Когда утром в понедельник мы покидали нашу маленькую комнатку, на меня навалилась странная меланхолия. В Париже я прожил пятнадцать лет, но никогда не испытывал к дому особой привязанности — даже не вспоминал о нем и не тосковал с того момента, как его покинул. А теперь, прожив в этой дуврской лачуге всего лишь год, я в последний раз закрыл дверь, и у меня навернулись на глаза слезы, когда я бросил прощальный взгляд на две кровати, ветхий стол, стулья с переломанными ножками перед очагом; наш дом. Я повернулся к Доминик, чтобы одарить ее последней улыбкой на этом месте, но она уже отвернулась — наклонилась стряхнуть пыль со штанишек Тома, и пошла прочь, ни разу не посмотрев по сторонам, ни разу не оглянувшись. Я пожал плечами и захлопнул дверь, оставив комнату во мраке, поджидать новых бессчастных квартирантов.

Меня беспокоили ботинки. Черная пара с тонкой шнуровкой — они были мне великоваты; я недавно украл их у одного молодого джентльмена, который по глупости оставил их за дверью своего номера в маленькой портовой гостинице «Приют странника». Я имел обыкновение проникать в нее через черный ход по ночам, когда постояльцы уже спали, и рыскать по коридорам. Нередко в низких тесных проходах мне удавалось стянуть рубашку или пару брюк, оставленные там господами, полагавшими, что они все еще в Лондоне или Париже: они рассчитывали получить поутру тщательно отутюженную одежду. Эти вещицы крайне редко удавалось продать, но ими прекрасно пополнялся гардероб моего маленького семейства; к тому же, это не стоило мне ни гроша и ни малейших угрызений совести.

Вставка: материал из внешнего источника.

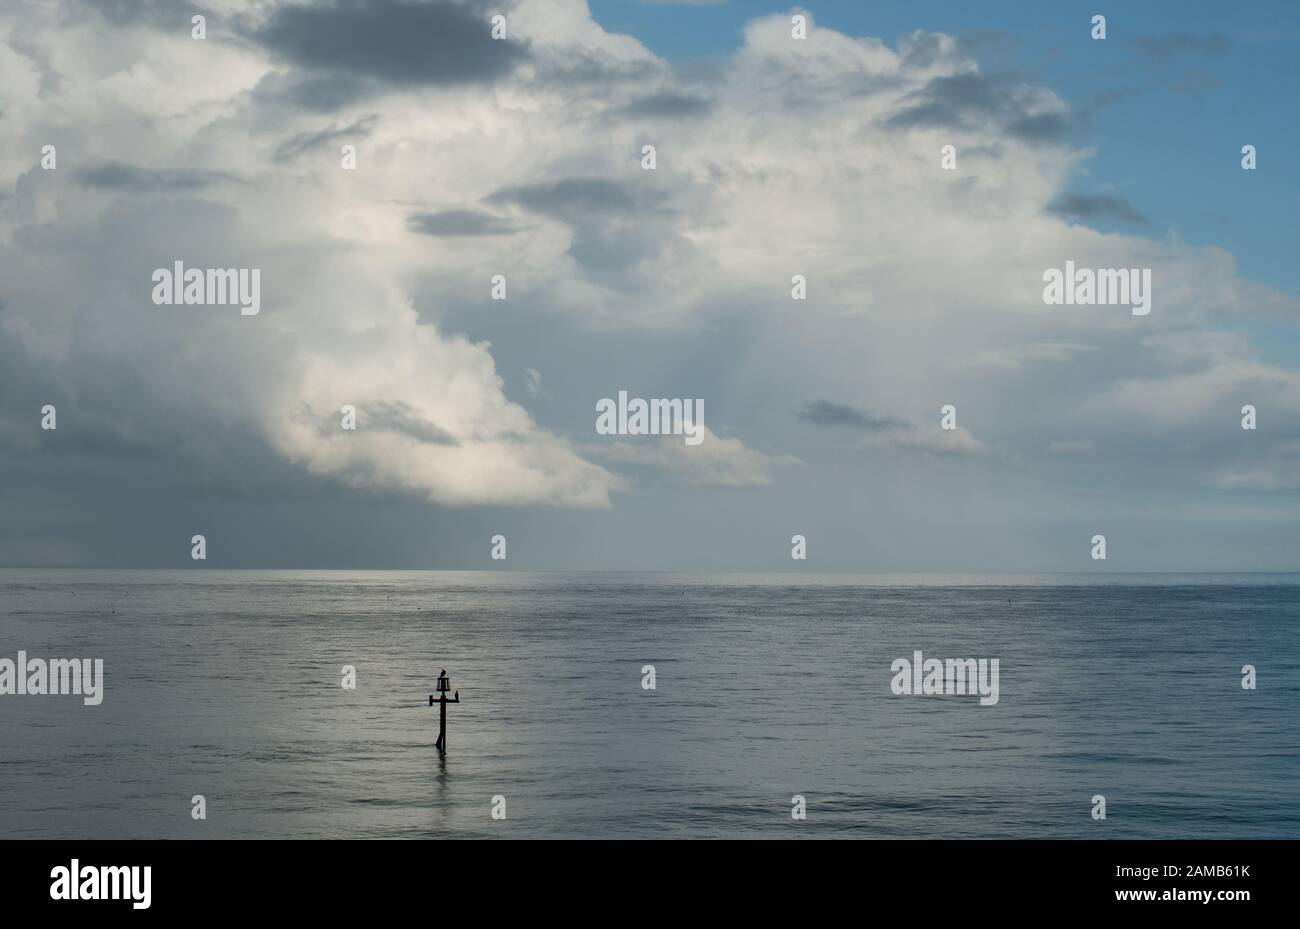 Ein minimalistisches, friedliches Bild von Meer, Horizont, Wolke und blauem Himmel vor der Norfolkküste, das in angenehmem Licht gefangen ist Stockfoto

Подошвы ботинок, однако, были довольно изношены, и меня совсем не манила перспектива шагать до Лондона босиком. Левой пяткой я уже ощущал впивающийся гравий и по опыту знал, что комфорта в ботинках хватит от силы на милю, а затем начнутся волдыри и ссадины. У Доминик были похожие ботинки, но надела она толстые чулки, предохранявшие кожу от соприкосновения с обувью, — я позаимствовал их с бельевой веревки в трех милях к югу от города за день до того, как меня избили, а днем раньше удалось добыть новехонькую пару для Тома. Но ему, кажется, приходилось так же нелегко, как и мне, поскольку ботинки были неразношены, и он все время ныл, что они трут ему ноги; в конце концов Доминик вынула из кармана носовой платок и обернула ему ступни вместо носков. Я бы предпочел, чтобы она им заткнула ему рот, однако мальчуган и так утих, хоть и ненадолго.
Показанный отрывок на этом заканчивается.